BEGIN Data below

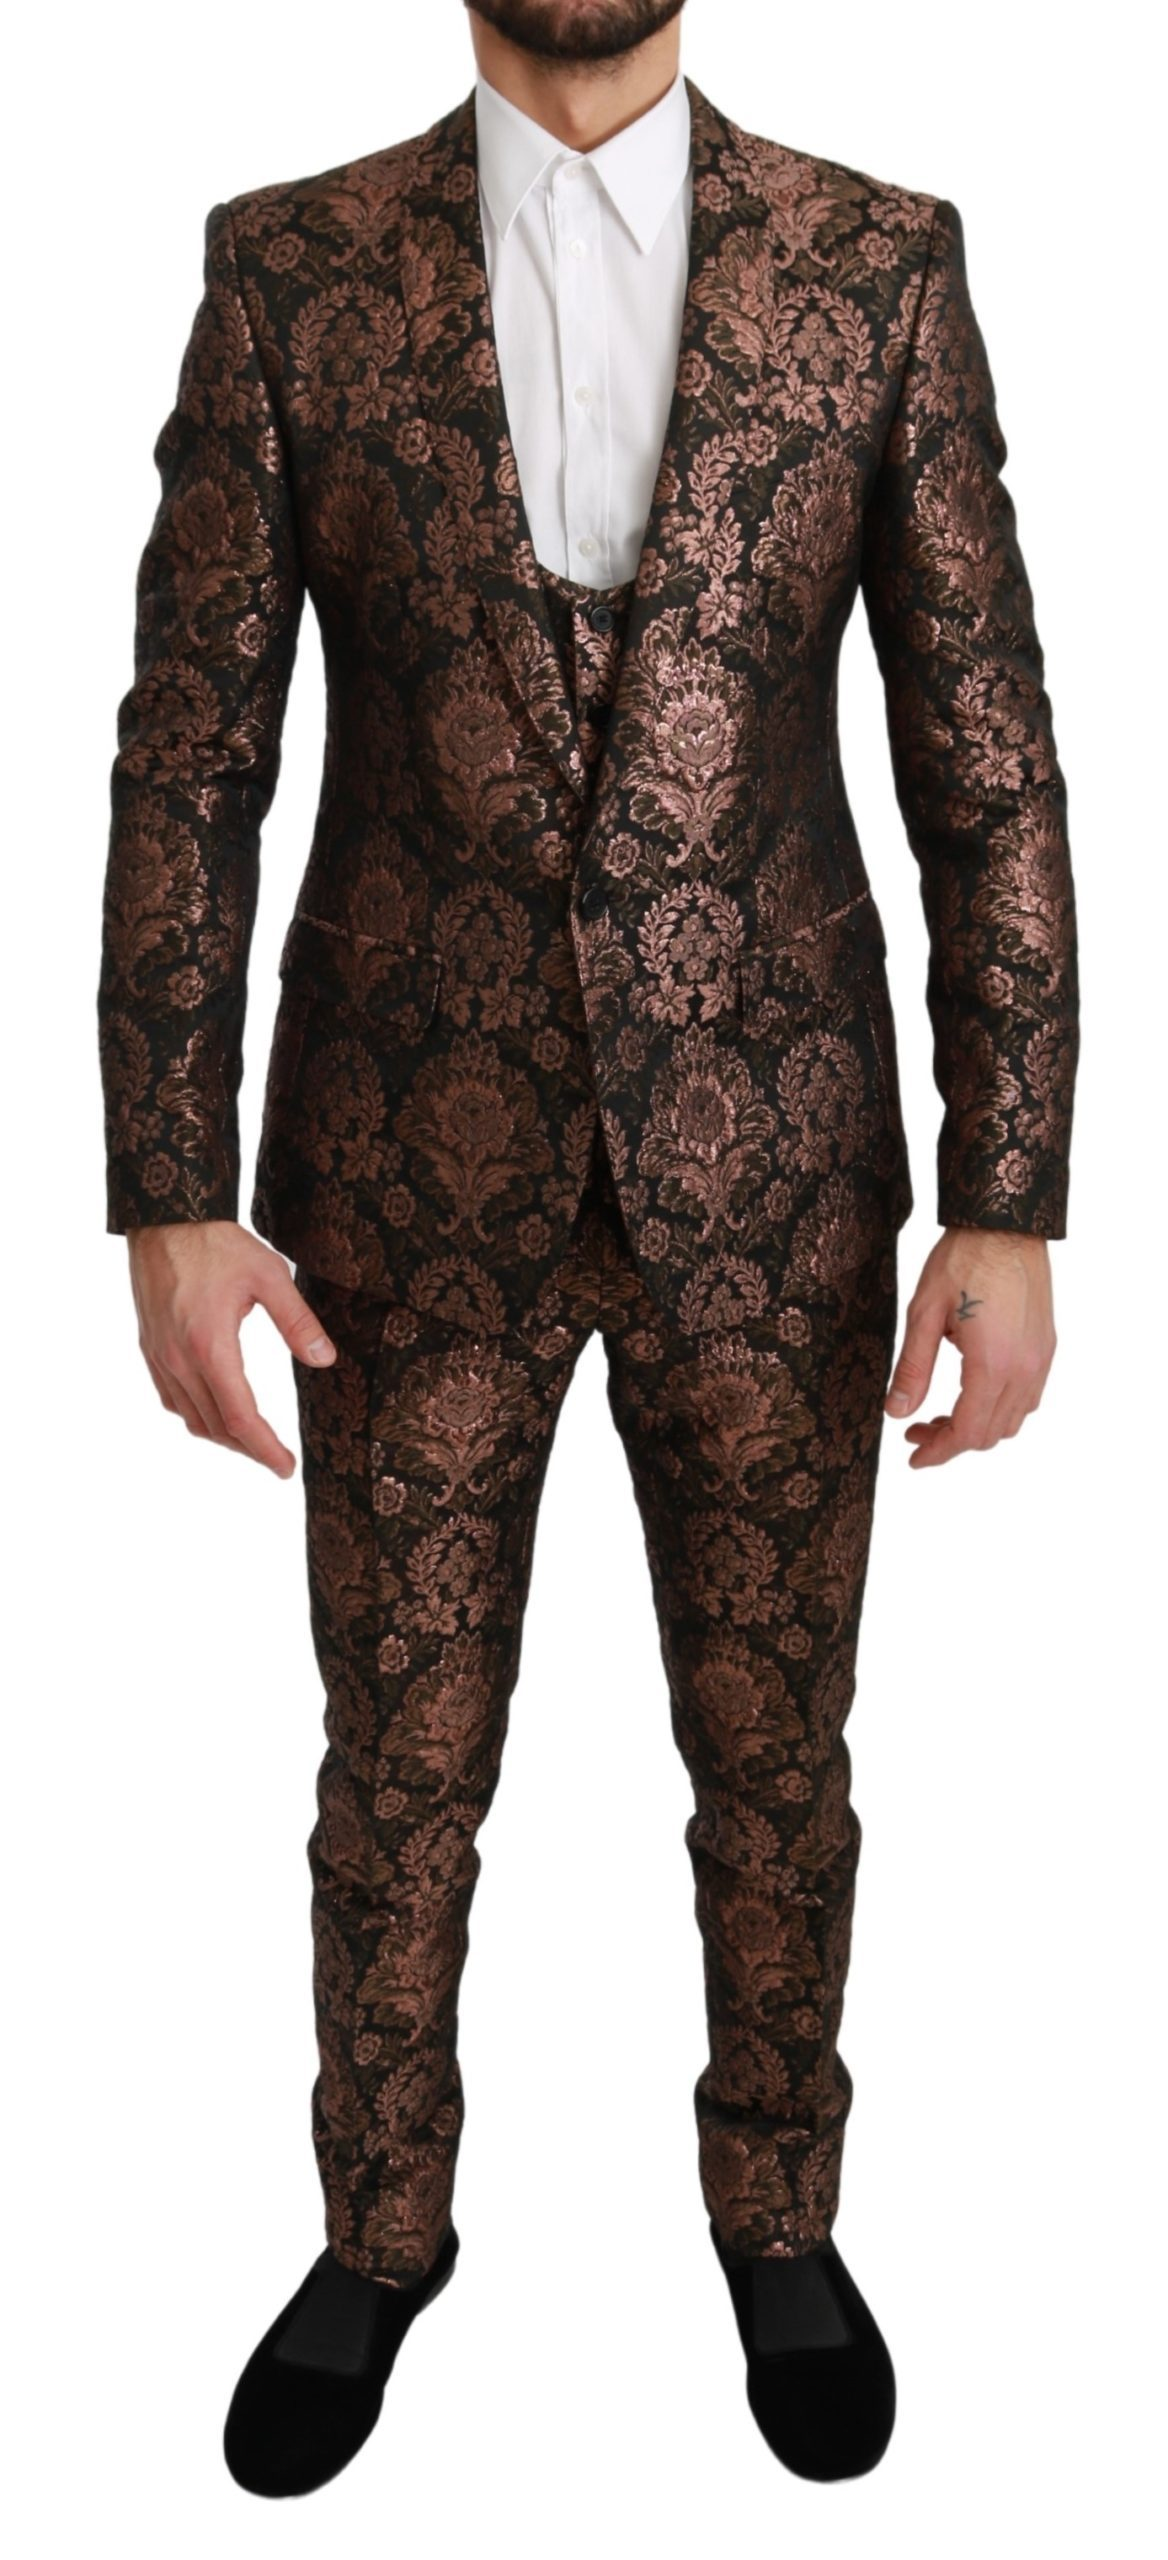 Dolce & Gabbana Men's Jacquard Slim Fit MARTINI Suit Black KOS1703 - IT48 | M
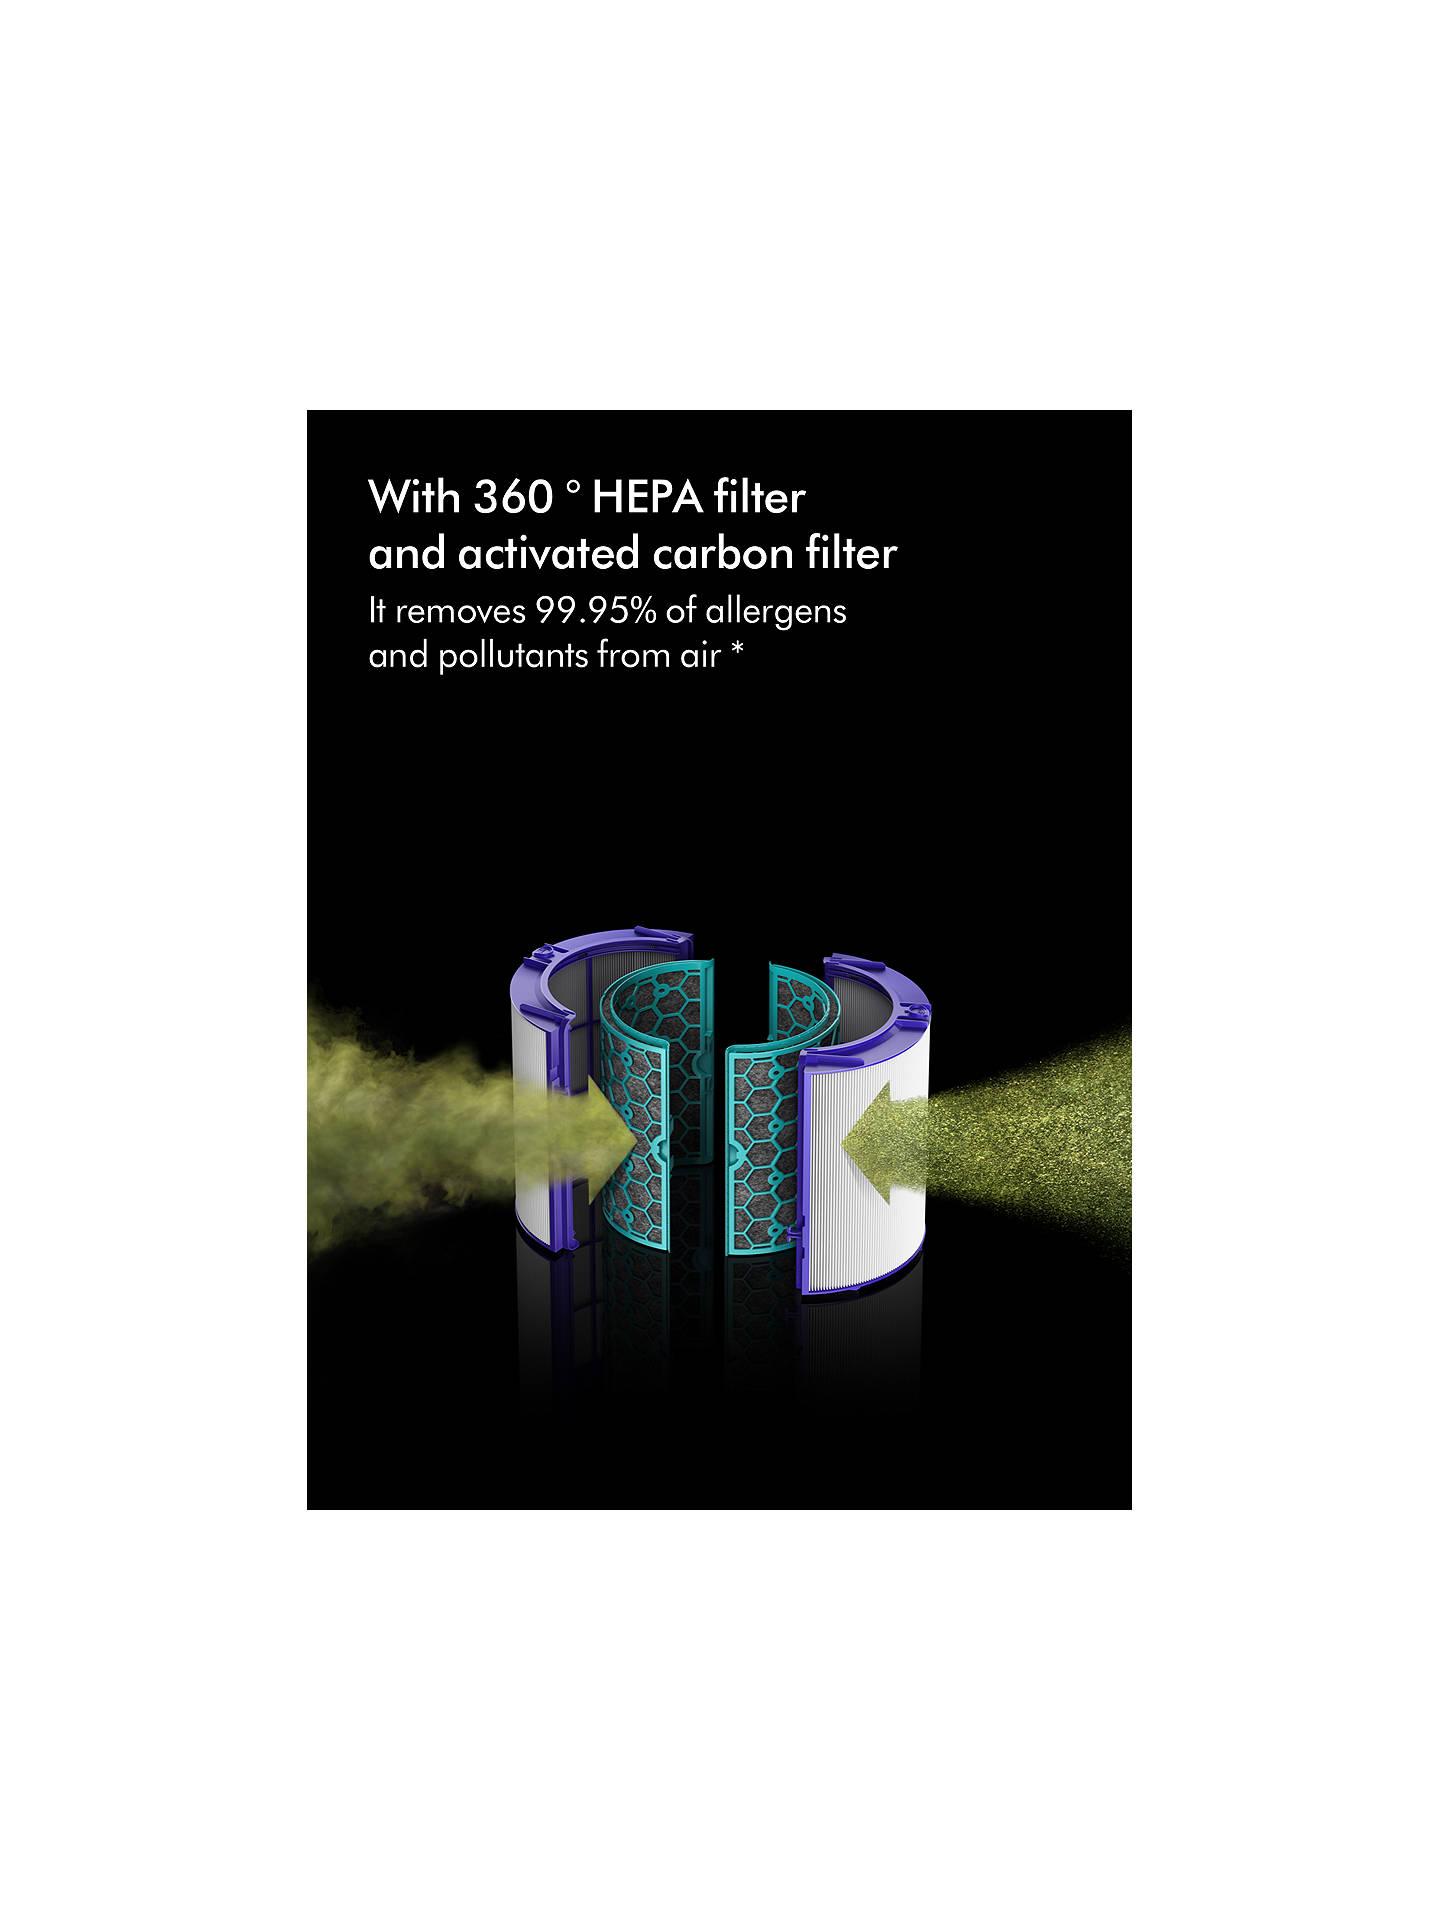 Dyson HP04 Pure Hot + Cool Fan Heater Air Purifier
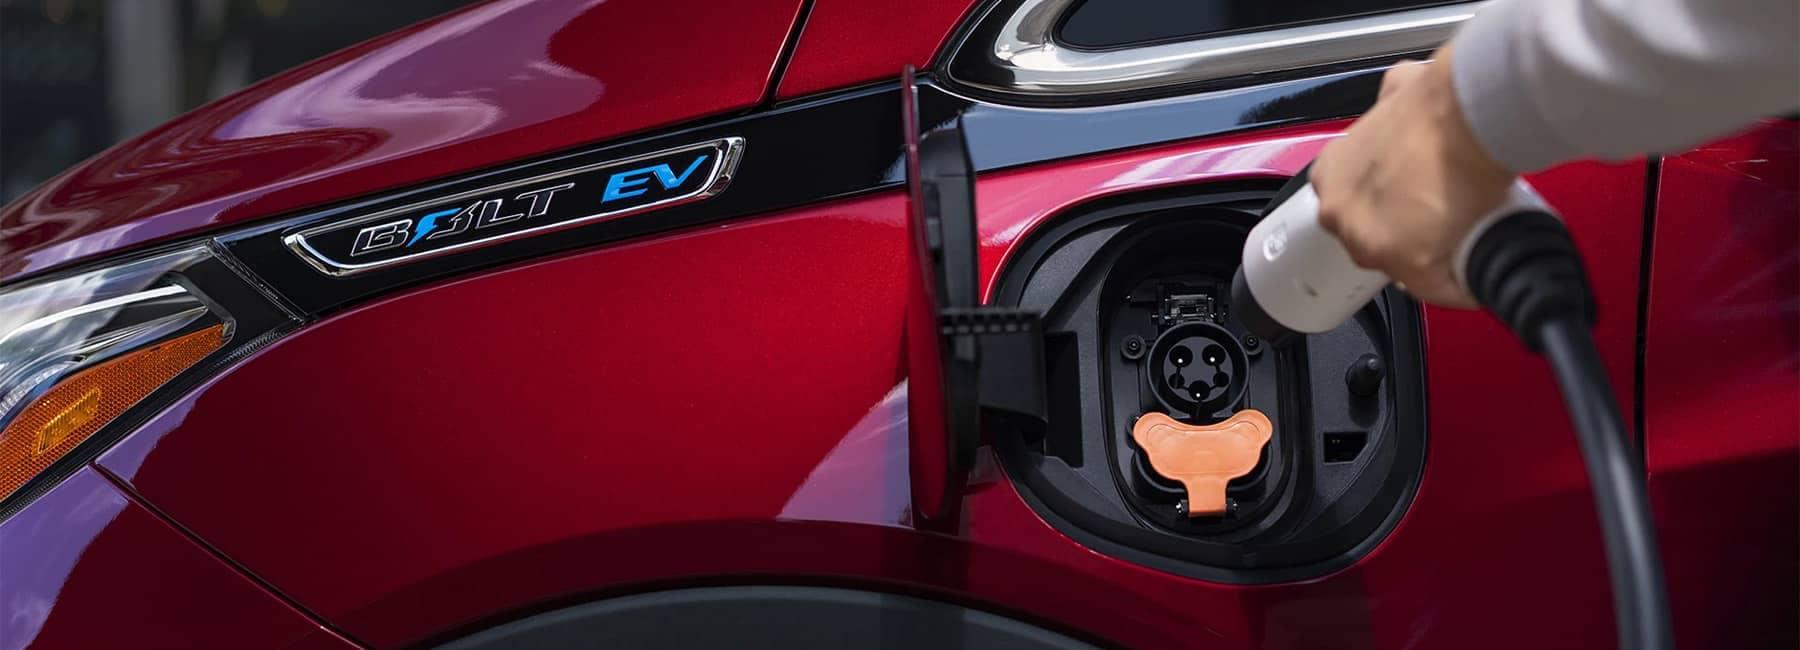 2020 Bolt EV Electric Car Charging Port View

END Data below

» Assigned task: Full copy, no pictures: write out each line of the data exactly as it stands.

» Result:
 Dolce & Gabbana Men's Jacquard Slim Fit MARTINI Suit Black KOS1703 - IT48 | M
 Dyson HP04 Pure Hot + Cool Fan Heater Air Purifier
 2020 Bolt EV Electric Car Charging Port View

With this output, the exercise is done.